--- Source information Enclosed Below ---

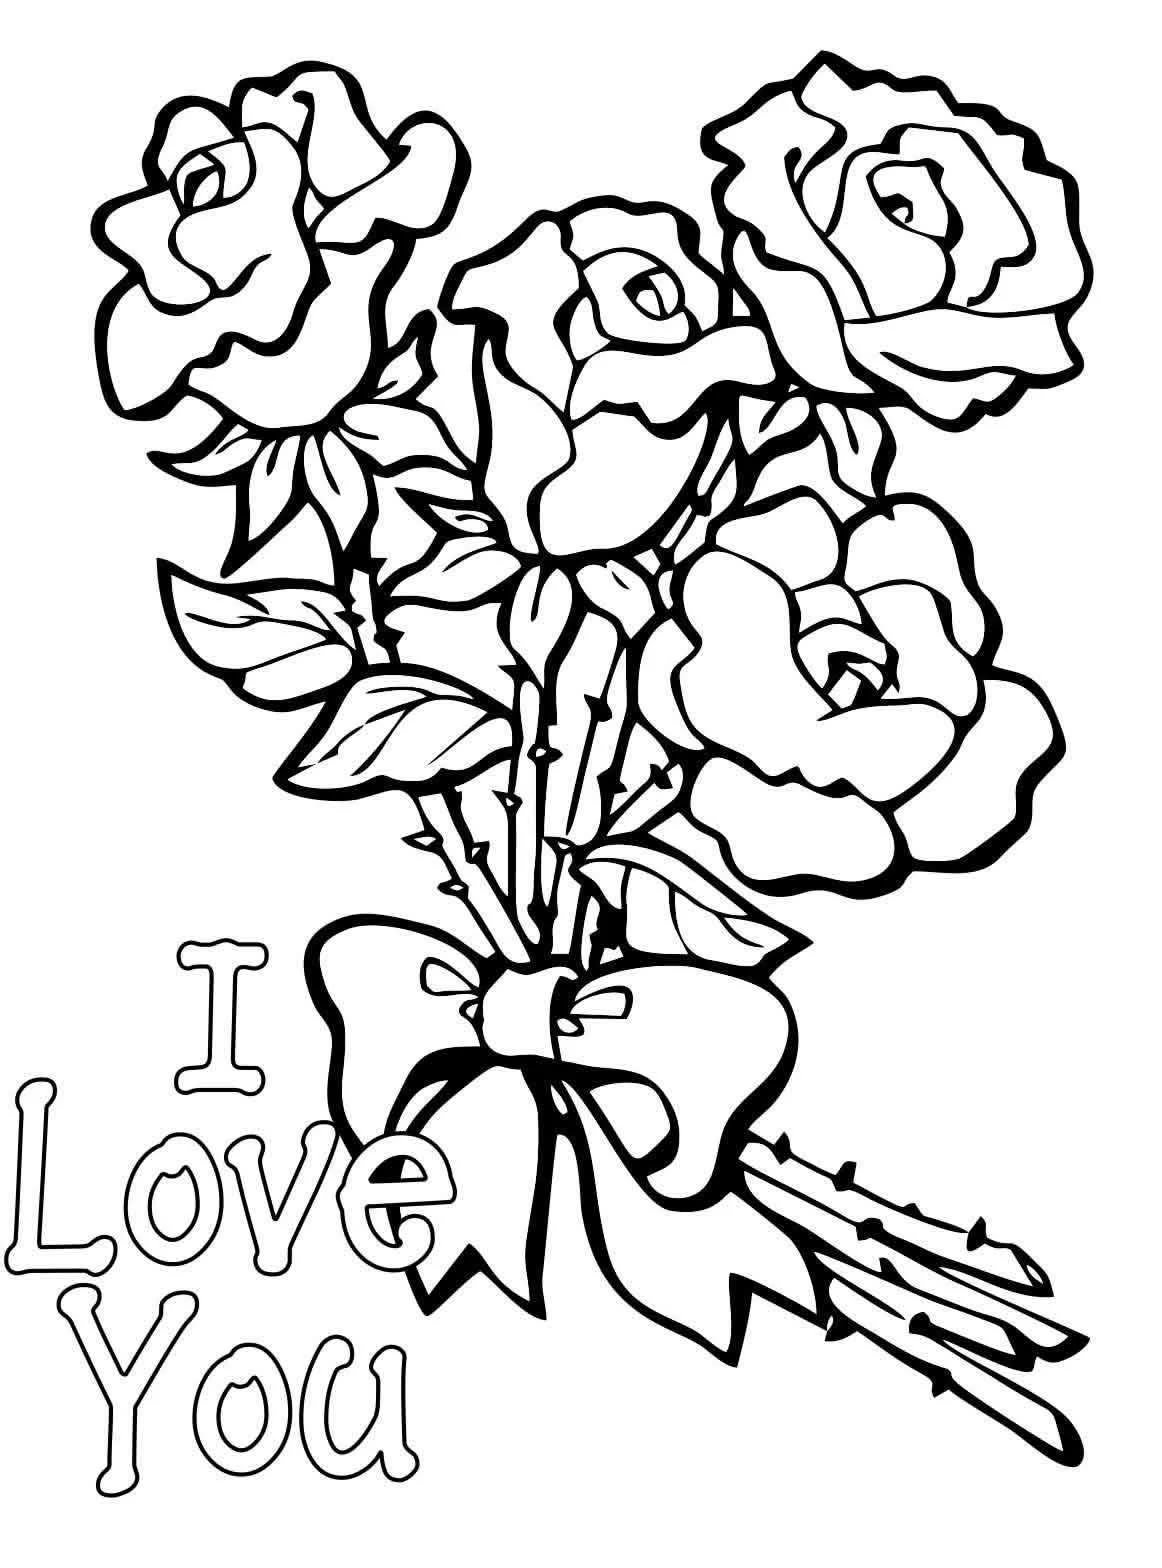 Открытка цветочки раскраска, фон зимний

--- End of Enclosed Source information ---
--- Source information Enclosed Below ---

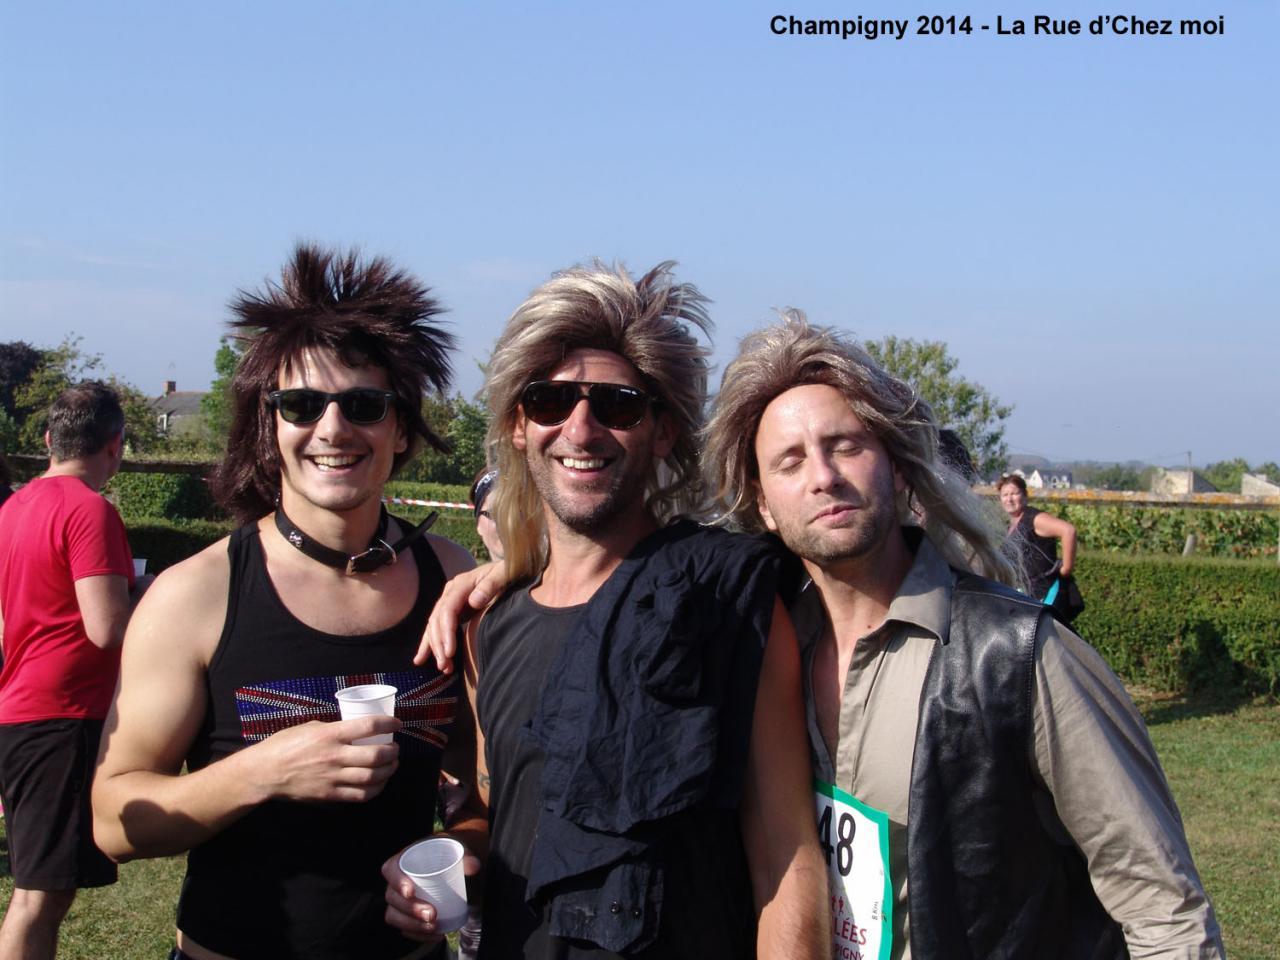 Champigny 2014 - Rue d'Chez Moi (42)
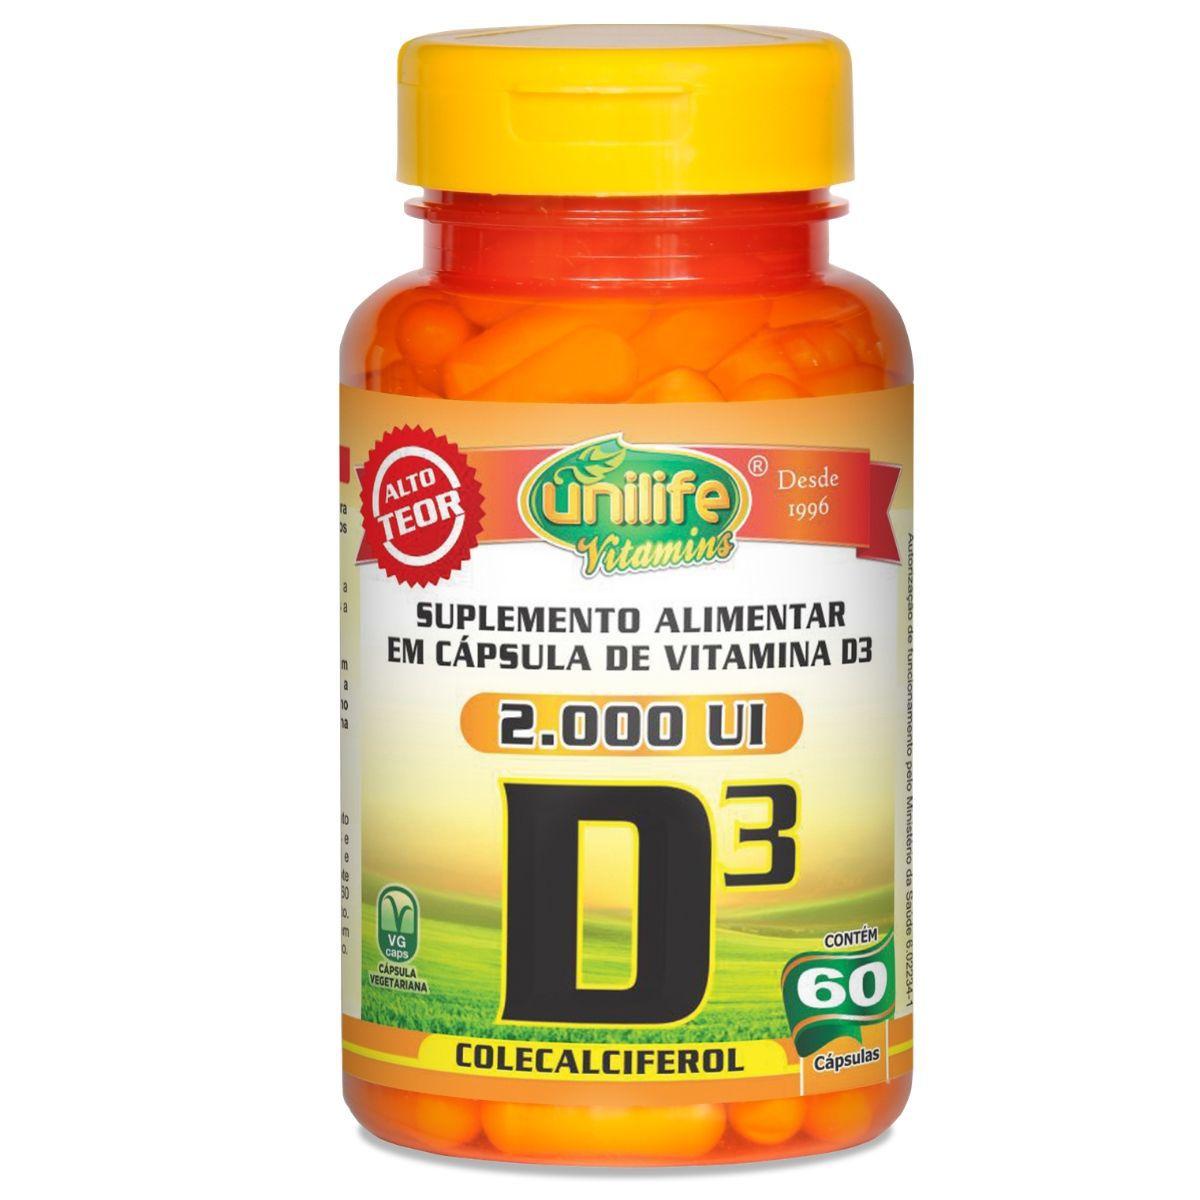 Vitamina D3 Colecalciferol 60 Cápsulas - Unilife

--- End of Enclosed Source information ---
--- Source information Enclosed Below ---

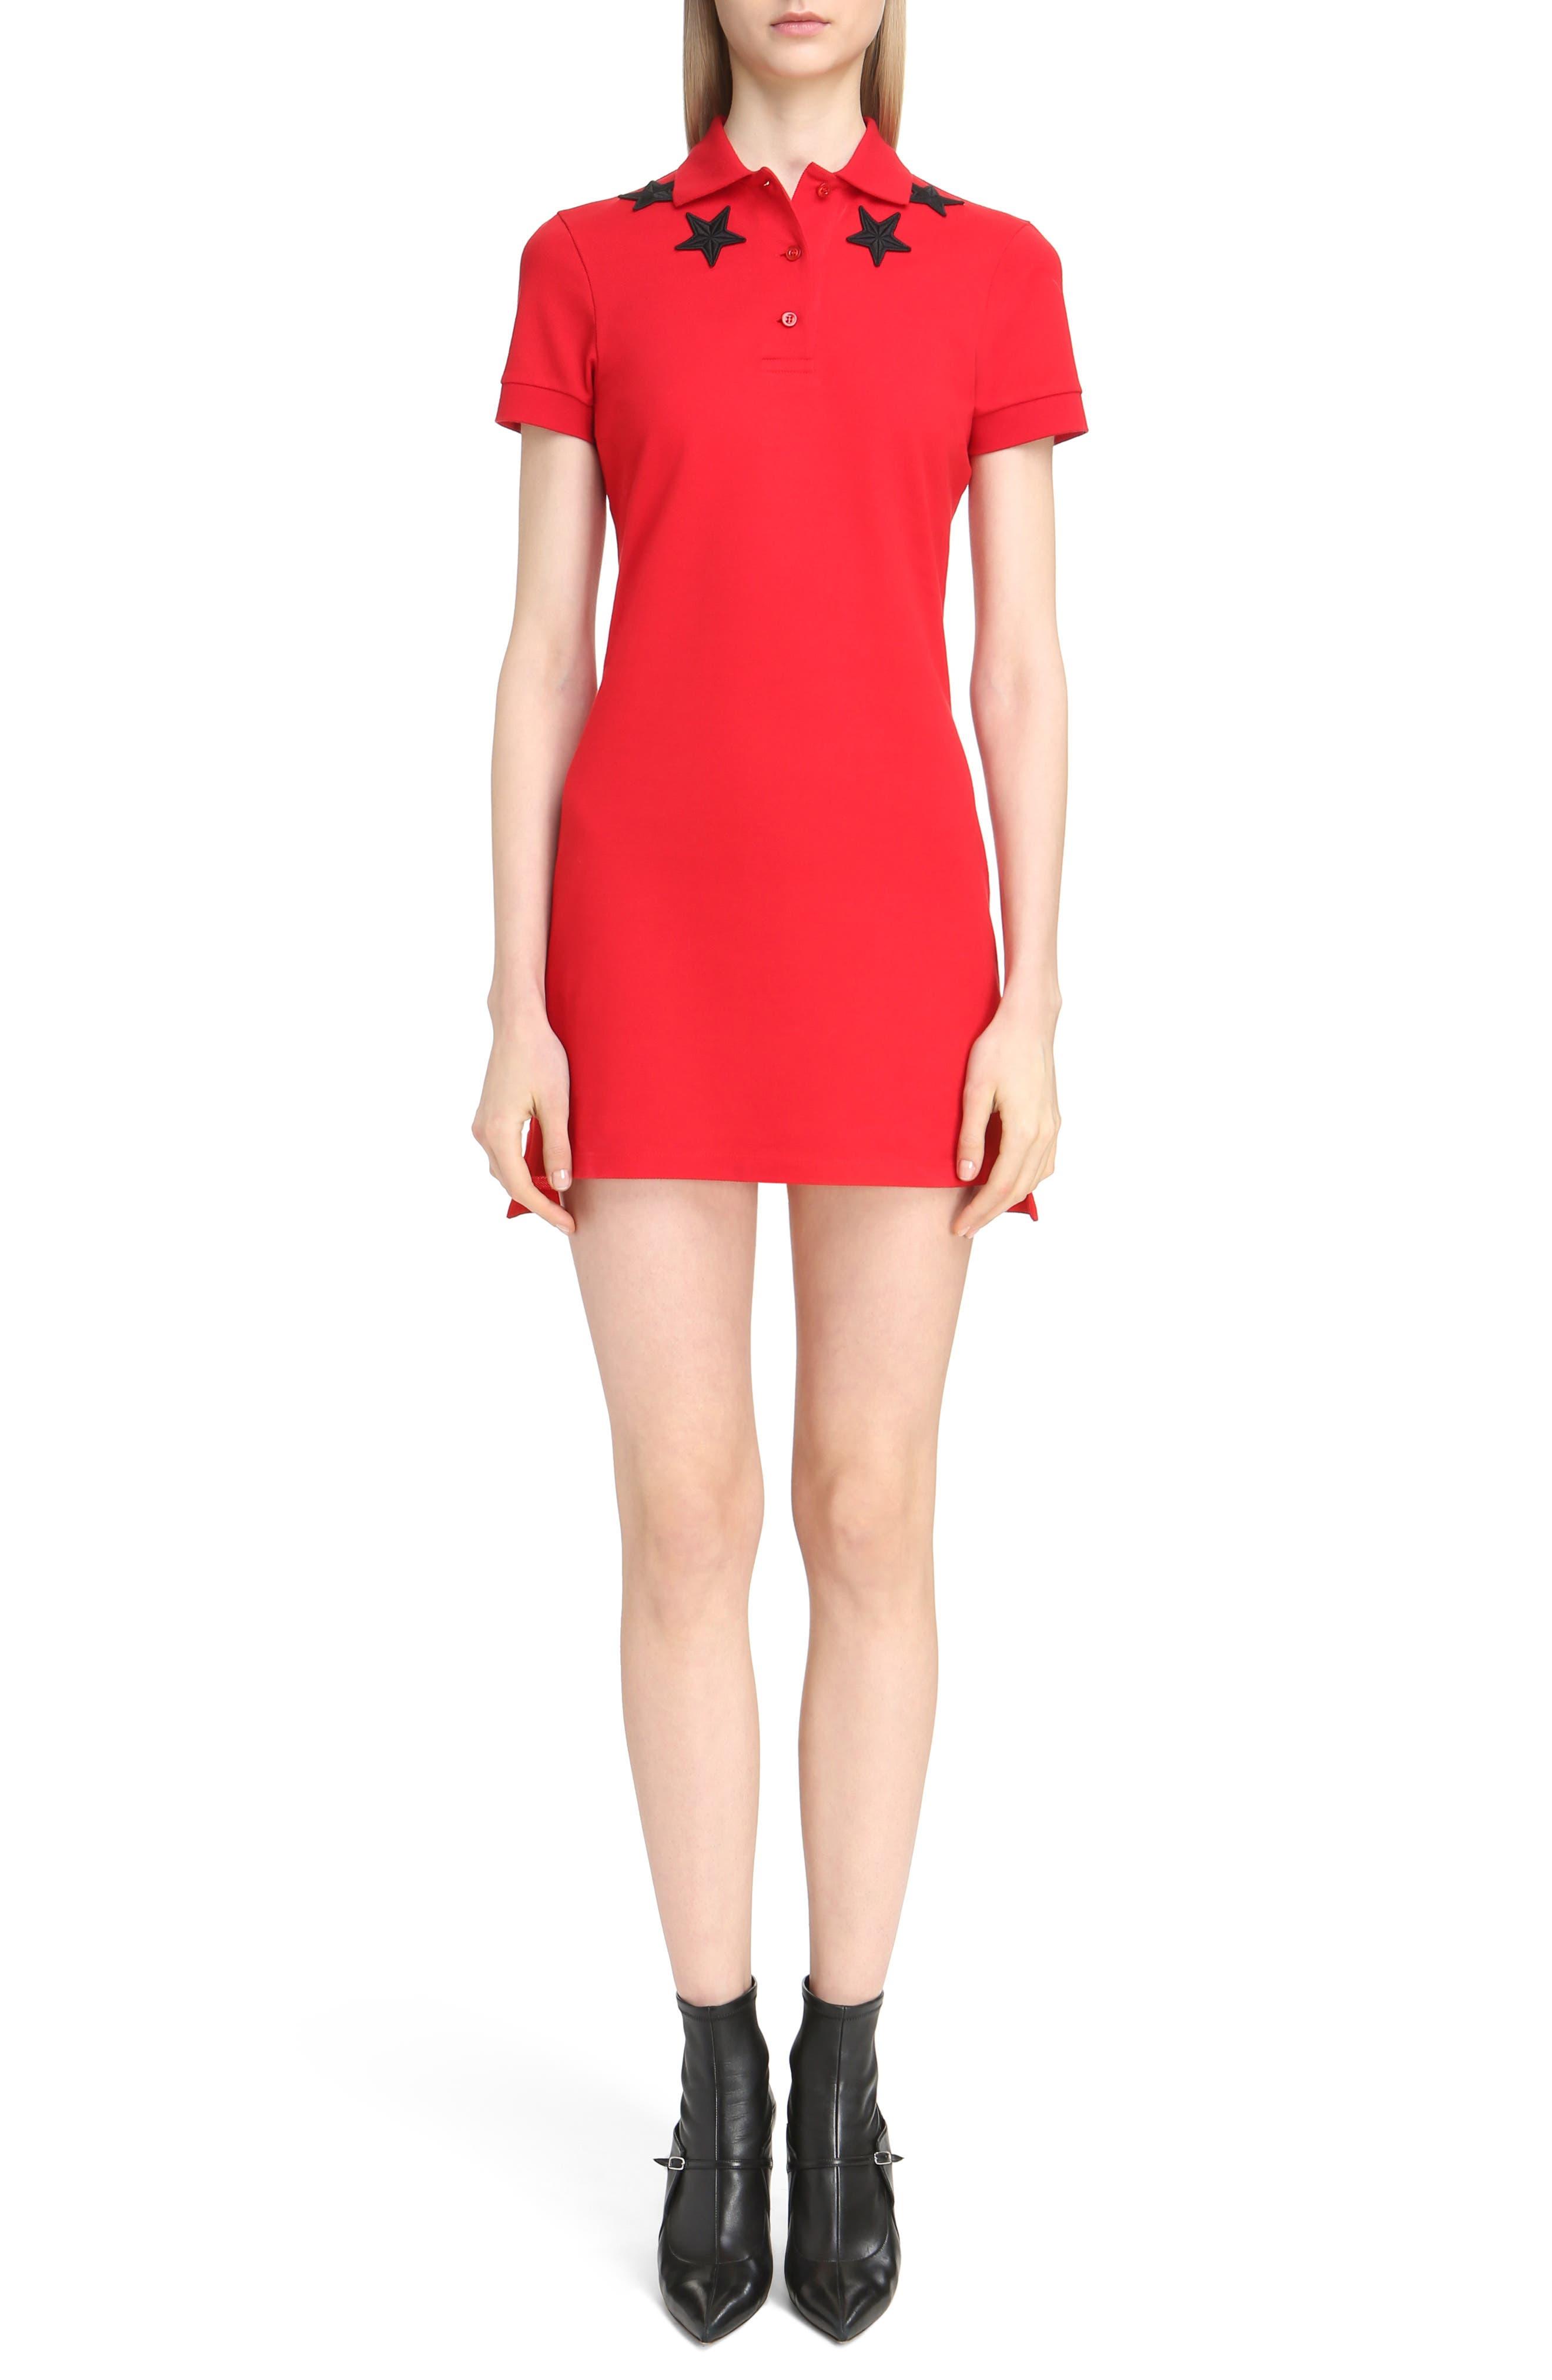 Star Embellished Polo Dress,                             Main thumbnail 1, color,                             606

--- End of Enclosed Source information ---

Give back exactly the lines above from the one with "Champigny 2014 - Rue d'Chez Moi (42)" through the one with "Vitamina D3 Colecalciferol", both included. Pictures don't belong in the copy.

Output for this task →
 Champigny 2014 - Rue d'Chez Moi (42)
 Vitamina D3 Colecalciferol 60 Cápsulas - Unilife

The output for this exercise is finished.